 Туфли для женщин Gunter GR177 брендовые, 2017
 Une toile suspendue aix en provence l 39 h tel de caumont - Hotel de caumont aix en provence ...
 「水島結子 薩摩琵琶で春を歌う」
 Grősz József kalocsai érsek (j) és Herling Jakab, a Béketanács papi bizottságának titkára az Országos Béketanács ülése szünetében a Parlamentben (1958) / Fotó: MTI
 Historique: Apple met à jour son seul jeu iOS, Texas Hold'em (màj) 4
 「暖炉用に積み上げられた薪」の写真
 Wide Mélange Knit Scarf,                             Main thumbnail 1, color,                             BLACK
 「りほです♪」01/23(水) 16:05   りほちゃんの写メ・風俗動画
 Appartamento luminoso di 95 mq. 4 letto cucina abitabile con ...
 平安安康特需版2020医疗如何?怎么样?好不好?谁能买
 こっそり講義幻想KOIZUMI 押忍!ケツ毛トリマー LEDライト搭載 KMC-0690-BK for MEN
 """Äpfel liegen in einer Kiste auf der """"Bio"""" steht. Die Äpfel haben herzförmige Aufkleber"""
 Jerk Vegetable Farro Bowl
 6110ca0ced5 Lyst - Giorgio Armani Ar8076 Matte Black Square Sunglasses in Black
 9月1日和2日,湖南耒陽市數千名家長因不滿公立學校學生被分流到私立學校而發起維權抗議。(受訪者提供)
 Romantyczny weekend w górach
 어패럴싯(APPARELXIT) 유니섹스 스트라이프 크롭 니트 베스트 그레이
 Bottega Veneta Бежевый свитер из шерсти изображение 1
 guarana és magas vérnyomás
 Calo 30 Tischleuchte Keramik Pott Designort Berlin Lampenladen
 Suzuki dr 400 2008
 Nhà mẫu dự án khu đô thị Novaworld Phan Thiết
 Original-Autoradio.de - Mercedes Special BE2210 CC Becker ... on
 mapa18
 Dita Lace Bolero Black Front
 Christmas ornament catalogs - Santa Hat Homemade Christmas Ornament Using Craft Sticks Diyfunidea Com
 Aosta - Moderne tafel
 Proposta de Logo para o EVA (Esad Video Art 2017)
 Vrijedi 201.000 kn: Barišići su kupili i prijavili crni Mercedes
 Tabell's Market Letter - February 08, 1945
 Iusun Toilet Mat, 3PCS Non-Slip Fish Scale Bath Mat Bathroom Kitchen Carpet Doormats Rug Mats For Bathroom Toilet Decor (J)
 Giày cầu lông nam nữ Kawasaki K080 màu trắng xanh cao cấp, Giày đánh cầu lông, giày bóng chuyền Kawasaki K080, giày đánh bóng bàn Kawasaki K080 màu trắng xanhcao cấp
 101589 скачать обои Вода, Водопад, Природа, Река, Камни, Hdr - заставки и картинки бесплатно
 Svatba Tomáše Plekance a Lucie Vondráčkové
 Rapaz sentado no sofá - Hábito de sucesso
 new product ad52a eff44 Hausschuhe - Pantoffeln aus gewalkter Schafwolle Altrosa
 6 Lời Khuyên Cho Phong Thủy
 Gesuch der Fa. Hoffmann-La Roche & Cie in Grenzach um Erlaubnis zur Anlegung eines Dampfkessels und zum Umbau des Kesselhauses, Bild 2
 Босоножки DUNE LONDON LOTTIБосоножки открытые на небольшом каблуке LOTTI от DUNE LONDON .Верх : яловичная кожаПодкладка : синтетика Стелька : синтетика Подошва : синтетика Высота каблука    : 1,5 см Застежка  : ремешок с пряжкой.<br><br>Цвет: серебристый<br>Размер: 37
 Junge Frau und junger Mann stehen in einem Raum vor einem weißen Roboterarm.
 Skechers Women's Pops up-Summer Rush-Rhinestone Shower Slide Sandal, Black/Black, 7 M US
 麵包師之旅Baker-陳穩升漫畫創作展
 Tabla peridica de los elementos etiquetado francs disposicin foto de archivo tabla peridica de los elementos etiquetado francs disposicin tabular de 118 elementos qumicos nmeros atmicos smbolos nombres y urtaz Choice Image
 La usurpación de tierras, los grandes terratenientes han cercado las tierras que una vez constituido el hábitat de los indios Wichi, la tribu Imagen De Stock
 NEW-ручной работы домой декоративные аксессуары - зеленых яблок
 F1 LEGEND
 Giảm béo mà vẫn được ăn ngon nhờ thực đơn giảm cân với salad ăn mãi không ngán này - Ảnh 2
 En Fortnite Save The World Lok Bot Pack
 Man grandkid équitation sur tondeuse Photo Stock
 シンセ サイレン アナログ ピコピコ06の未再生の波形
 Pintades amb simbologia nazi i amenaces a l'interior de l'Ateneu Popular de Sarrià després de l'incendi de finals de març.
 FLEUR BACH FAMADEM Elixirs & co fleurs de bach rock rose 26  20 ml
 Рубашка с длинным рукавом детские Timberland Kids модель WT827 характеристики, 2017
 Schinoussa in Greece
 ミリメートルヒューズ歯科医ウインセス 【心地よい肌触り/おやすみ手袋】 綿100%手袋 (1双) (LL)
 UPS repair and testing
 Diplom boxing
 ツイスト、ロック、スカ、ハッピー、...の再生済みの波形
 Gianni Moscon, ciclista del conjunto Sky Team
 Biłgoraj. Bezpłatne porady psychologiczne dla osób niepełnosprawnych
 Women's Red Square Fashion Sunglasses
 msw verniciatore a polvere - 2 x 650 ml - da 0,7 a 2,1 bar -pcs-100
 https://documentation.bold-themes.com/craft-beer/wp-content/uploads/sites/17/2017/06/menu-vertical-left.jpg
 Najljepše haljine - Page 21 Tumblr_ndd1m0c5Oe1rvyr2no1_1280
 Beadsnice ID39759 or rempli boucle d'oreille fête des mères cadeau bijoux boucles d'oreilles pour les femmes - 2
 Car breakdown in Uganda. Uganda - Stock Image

▬▬▬▬▬▬

=== WHAT YOU ARE ASKED TO DO ===
Out of the listing above, reproduce exactly the lines from the one with "Gesuch der Fa." up to and including the one with "Biłgoraj. Bezpłatne porady".

=== EXERCISE OUTPUT ===
 Gesuch der Fa. Hoffmann-La Roche & Cie in Grenzach um Erlaubnis zur Anlegung eines Dampfkessels und zum Umbau des Kesselhauses, Bild 2
 Босоножки DUNE LONDON LOTTIБосоножки открытые на небольшом каблуке LOTTI от DUNE LONDON .Верх : яловичная кожаПодкладка : синтетика Стелька : синтетика Подошва : синтетика Высота каблука    : 1,5 см Застежка  : ремешок с пряжкой.<br><br>Цвет: серебристый<br>Размер: 37
 Junge Frau und junger Mann stehen in einem Raum vor einem weißen Roboterarm.
 Skechers Women's Pops up-Summer Rush-Rhinestone Shower Slide Sandal, Black/Black, 7 M US
 麵包師之旅Baker-陳穩升漫畫創作展
 Tabla peridica de los elementos etiquetado francs disposicin foto de archivo tabla peridica de los elementos etiquetado francs disposicin tabular de 118 elementos qumicos nmeros atmicos smbolos nombres y urtaz Choice Image
 La usurpación de tierras, los grandes terratenientes han cercado las tierras que una vez constituido el hábitat de los indios Wichi, la tribu Imagen De Stock
 NEW-ручной работы домой декоративные аксессуары - зеленых яблок
 F1 LEGEND
 Giảm béo mà vẫn được ăn ngon nhờ thực đơn giảm cân với salad ăn mãi không ngán này - Ảnh 2
 En Fortnite Save The World Lok Bot Pack
 Man grandkid équitation sur tondeuse Photo Stock
 シンセ サイレン アナログ ピコピコ06の未再生の波形
 Pintades amb simbologia nazi i amenaces a l'interior de l'Ateneu Popular de Sarrià després de l'incendi de finals de març.
 FLEUR BACH FAMADEM Elixirs & co fleurs de bach rock rose 26  20 ml
 Рубашка с длинным рукавом детские Timberland Kids модель WT827 характеристики, 2017
 Schinoussa in Greece
 ミリメートルヒューズ歯科医ウインセス 【心地よい肌触り/おやすみ手袋】 綿100%手袋 (1双) (LL)
 UPS repair and testing
 Diplom boxing
 ツイスト、ロック、スカ、ハッピー、...の再生済みの波形
 Gianni Moscon, ciclista del conjunto Sky Team
 Biłgoraj. Bezpłatne porady psychologiczne dla osób niepełnosprawnych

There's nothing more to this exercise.